Studio album by Chris Janson
- Released: September 22, 2017
- Genre: Country
- Length: 37:27
- Label: Warner Bros. Nashville
- Producers: Brent Anderson; Chris DuBois; Scott Hendricks; Chris Janson; Craig Wiseman;

Chris Janson chronology
| Buy Me a Boat (2015) | Everybody (2017) | Real Friends (2019) |

Singles from Everybody
- "Fix a Drink" Released: May 22, 2017; "Drunk Girl" Released: December 11, 2017;

= Everybody (Chris Janson album) =

Everybody is the second studio album by American country music artist Chris Janson.

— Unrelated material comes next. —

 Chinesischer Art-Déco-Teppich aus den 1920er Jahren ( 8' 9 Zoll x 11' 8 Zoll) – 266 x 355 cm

It was released on September 22, 2017, via Warner Bros. Records. It includes the singles "Fix a Drink" and "Drunk Girl".
The track "Little Bit of Both" was previously recorded by Frankie Ballard on his 2016 album El Río.

==Critical reception==
Rating it 3.5 out of 5 stars, Stephen Thomas Erlewine of AllMusic wrote that "He delivers these (mostly) sweet songs with a grin and the hooks aren't pushed, they roll easy, and these two qualities turn Everybody into a sunny, appealing album."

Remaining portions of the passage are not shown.